> **Task requirements**: Starting from the line with "Onkyo DTR-7.9 instruction", please copy exactly every line to the end of the listing, but not the pictures.
----- Recorded data -----
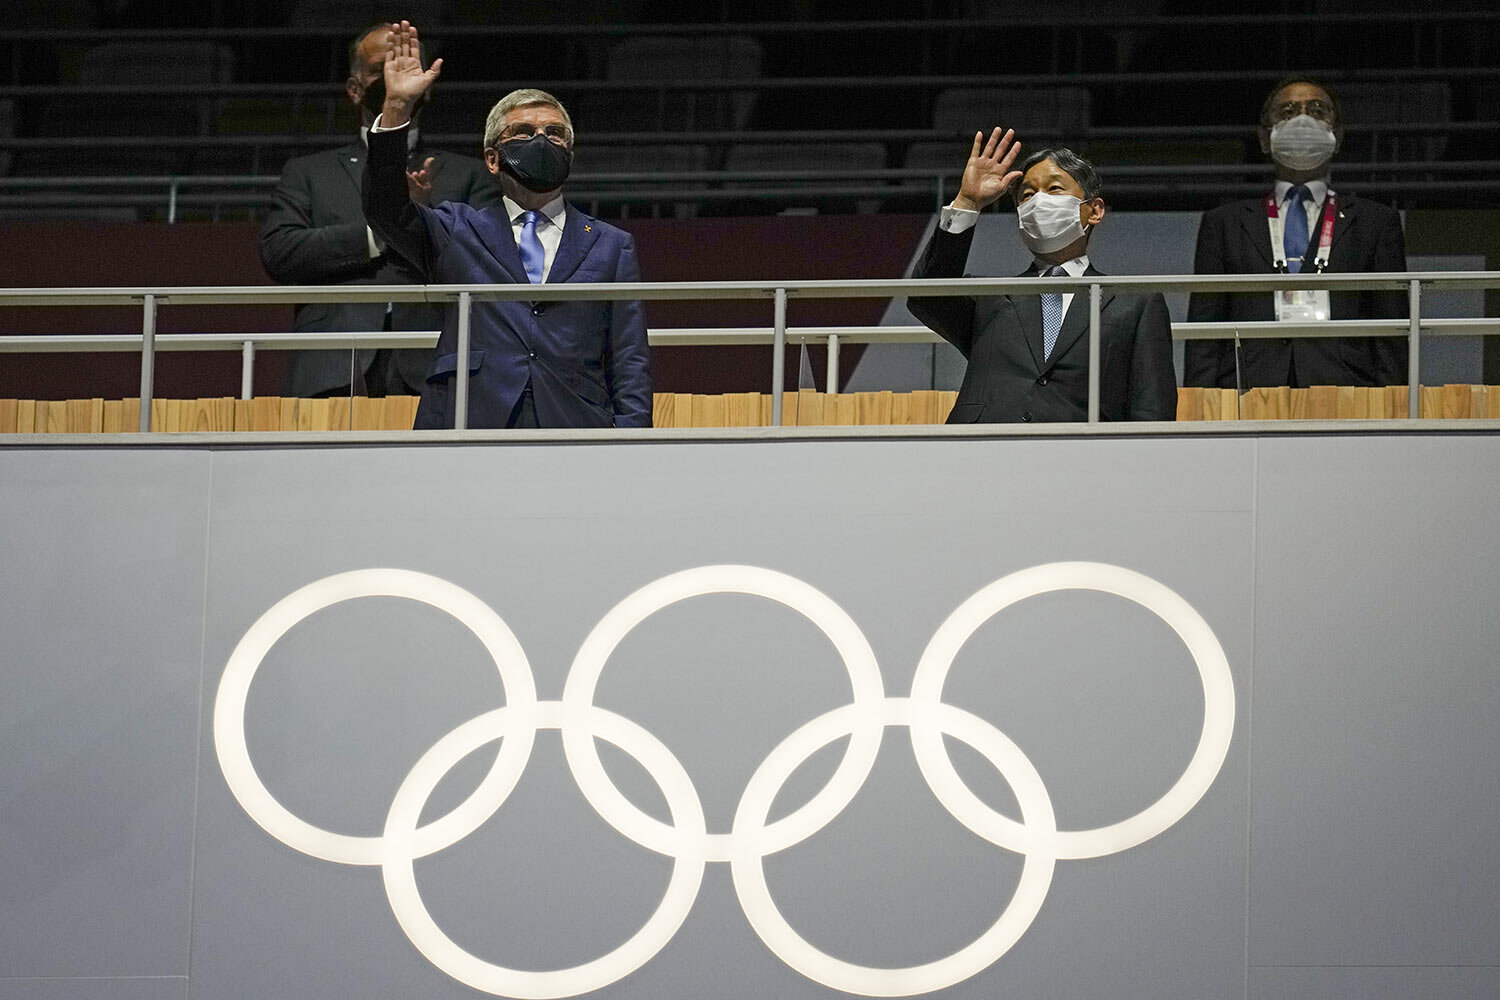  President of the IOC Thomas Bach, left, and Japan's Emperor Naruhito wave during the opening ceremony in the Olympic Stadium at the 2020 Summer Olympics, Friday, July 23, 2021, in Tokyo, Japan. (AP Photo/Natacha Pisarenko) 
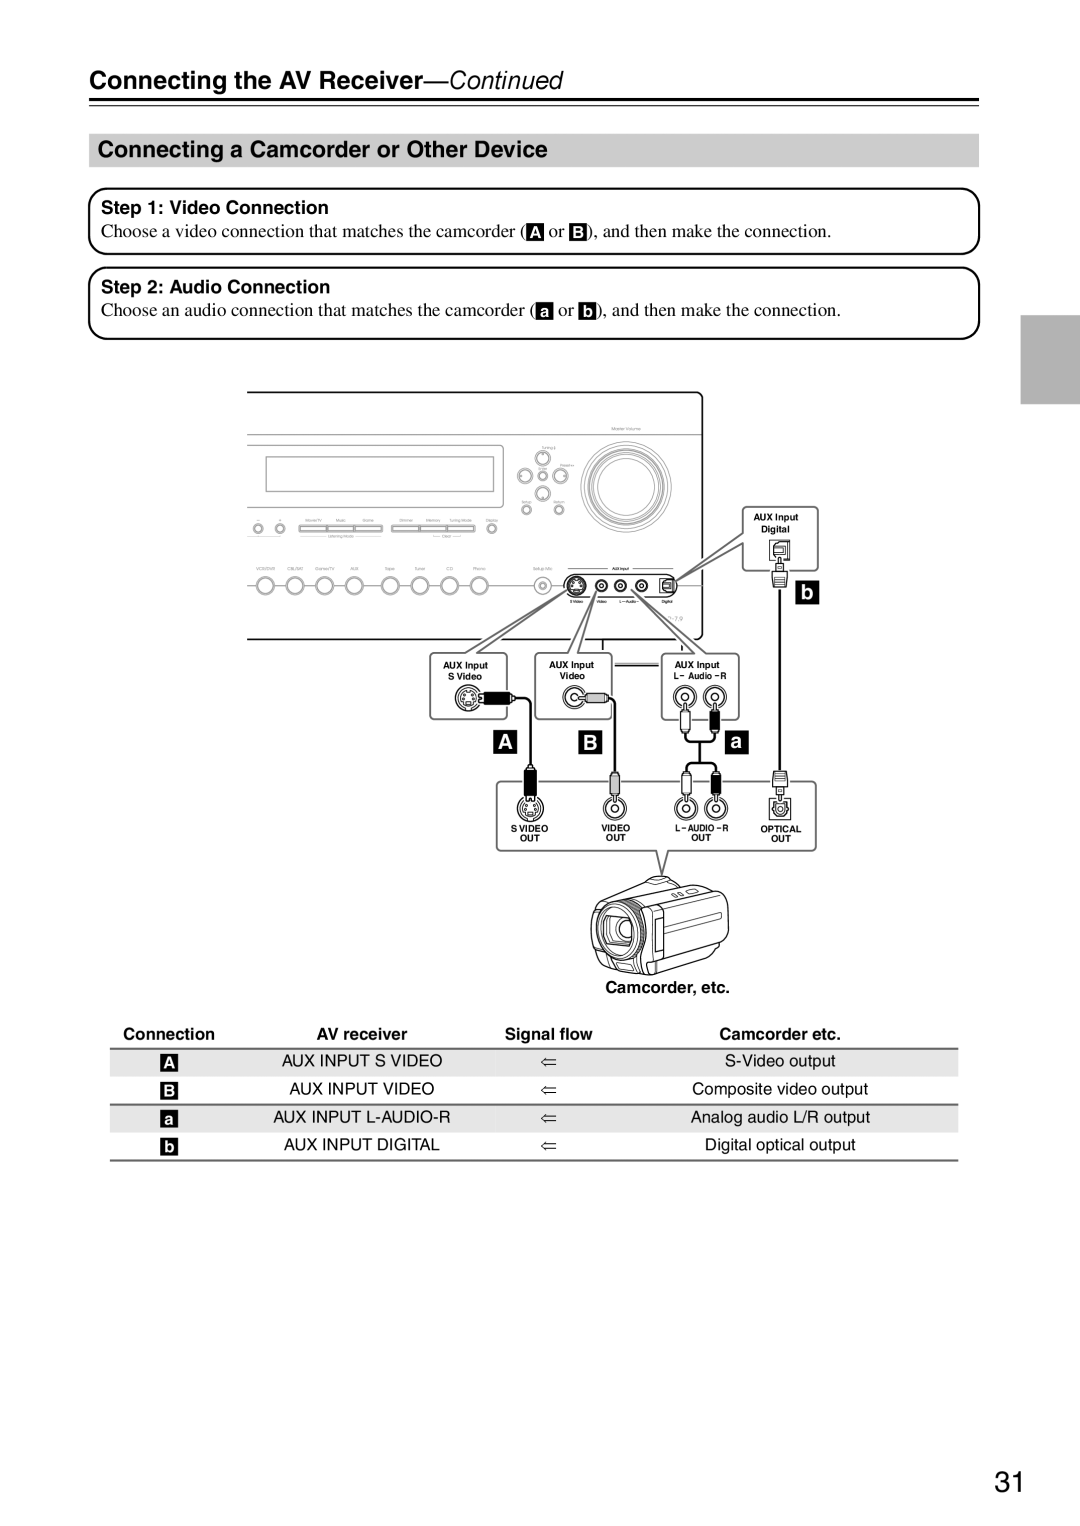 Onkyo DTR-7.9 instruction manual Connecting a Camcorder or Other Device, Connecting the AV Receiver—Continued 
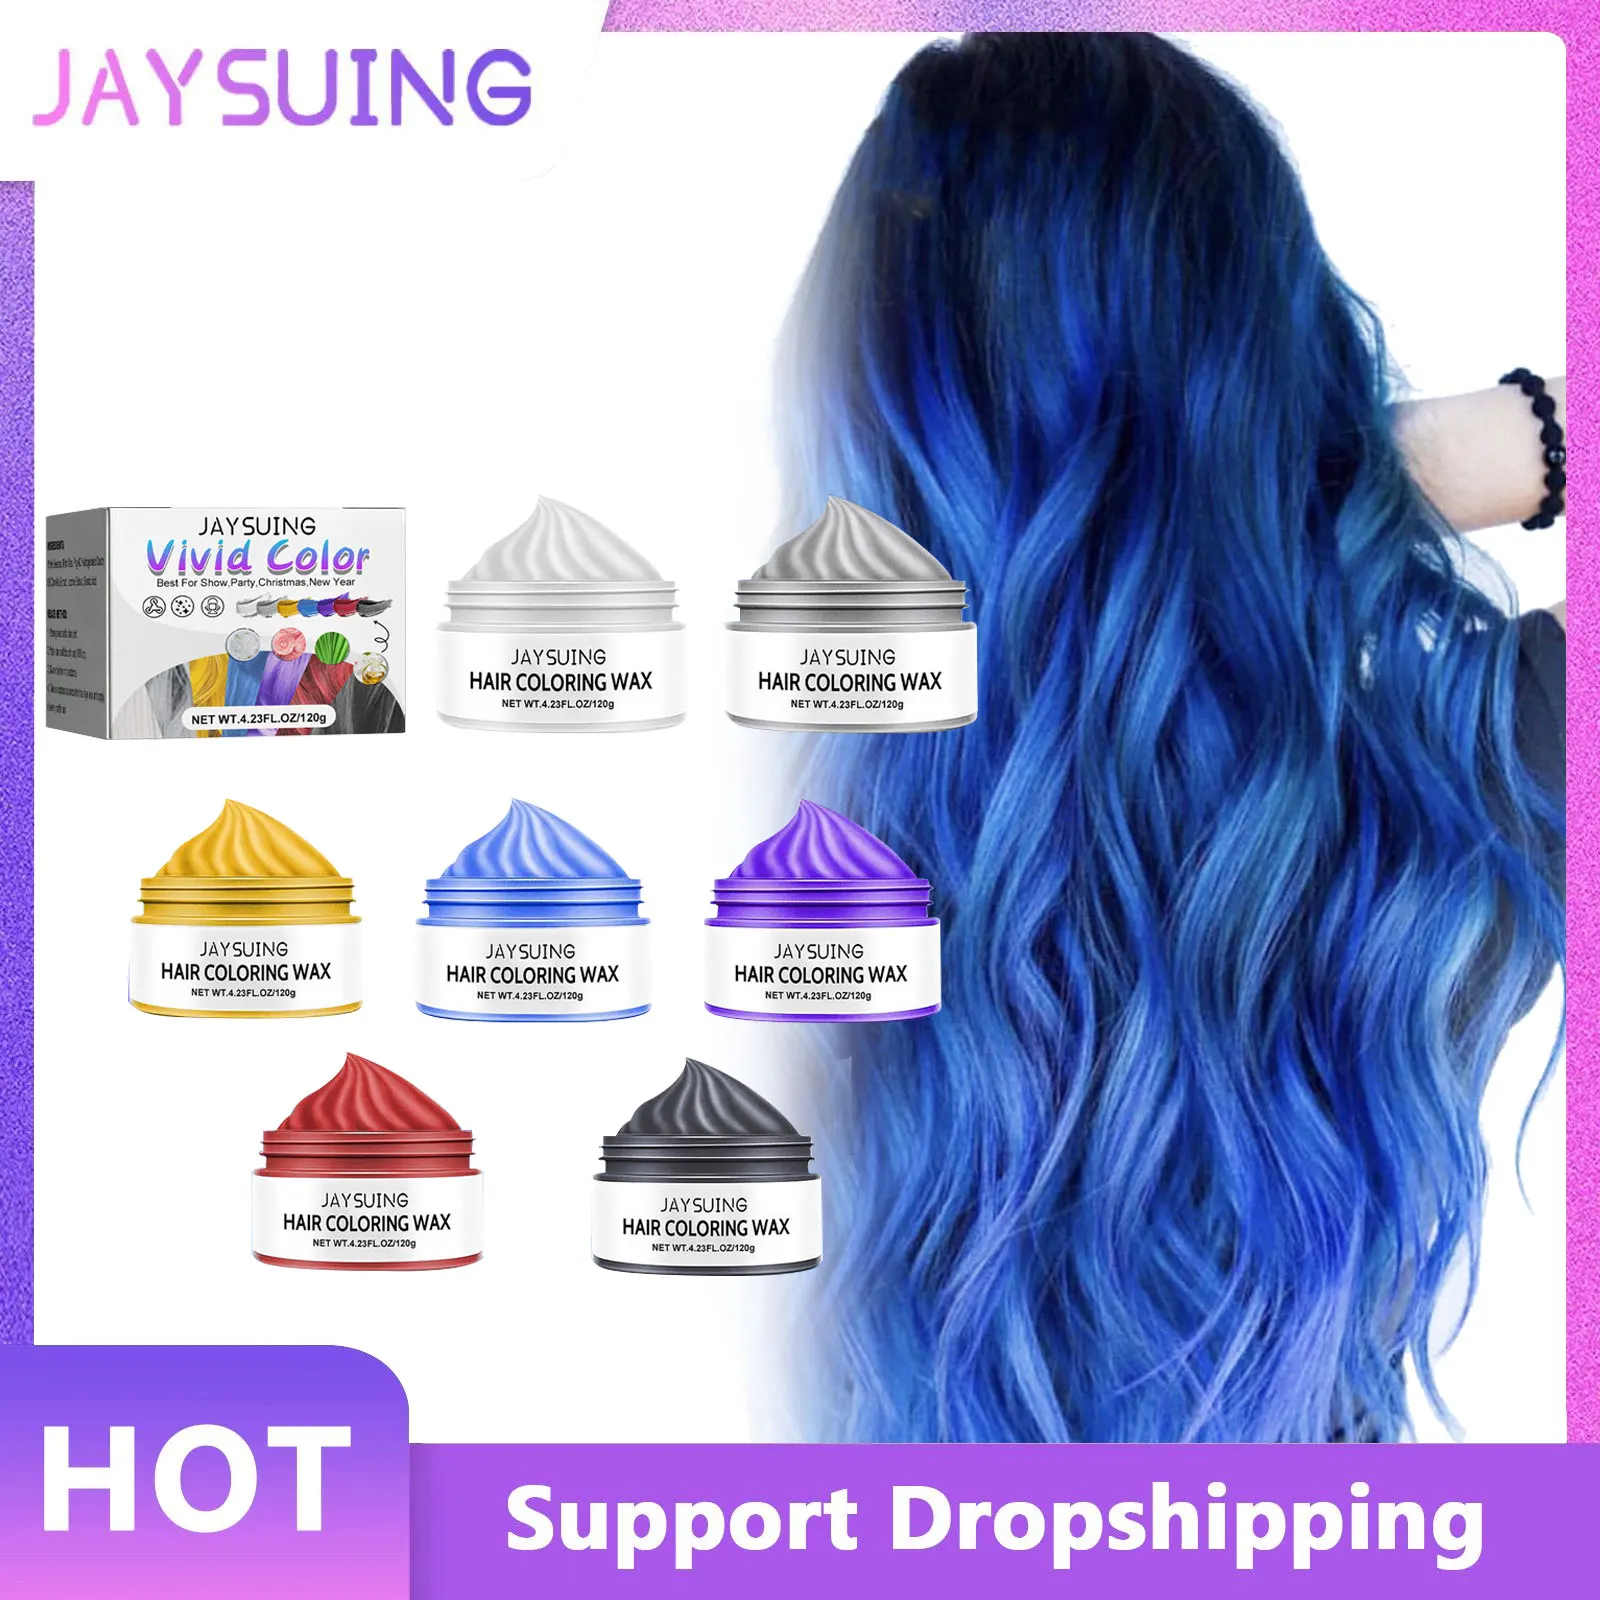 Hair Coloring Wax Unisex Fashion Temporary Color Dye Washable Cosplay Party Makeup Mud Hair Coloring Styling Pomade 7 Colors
-----
> **Response box**:
 Onkyo DTR-7.9 instruction manual Connecting a Camcorder or Other Device, Connecting the AV Receiver—Continued 
 Hair Coloring Wax Unisex Fashion Temporary Color Dye Washable Cosplay Party Makeup Mud Hair Coloring Styling Pomade 7 Colors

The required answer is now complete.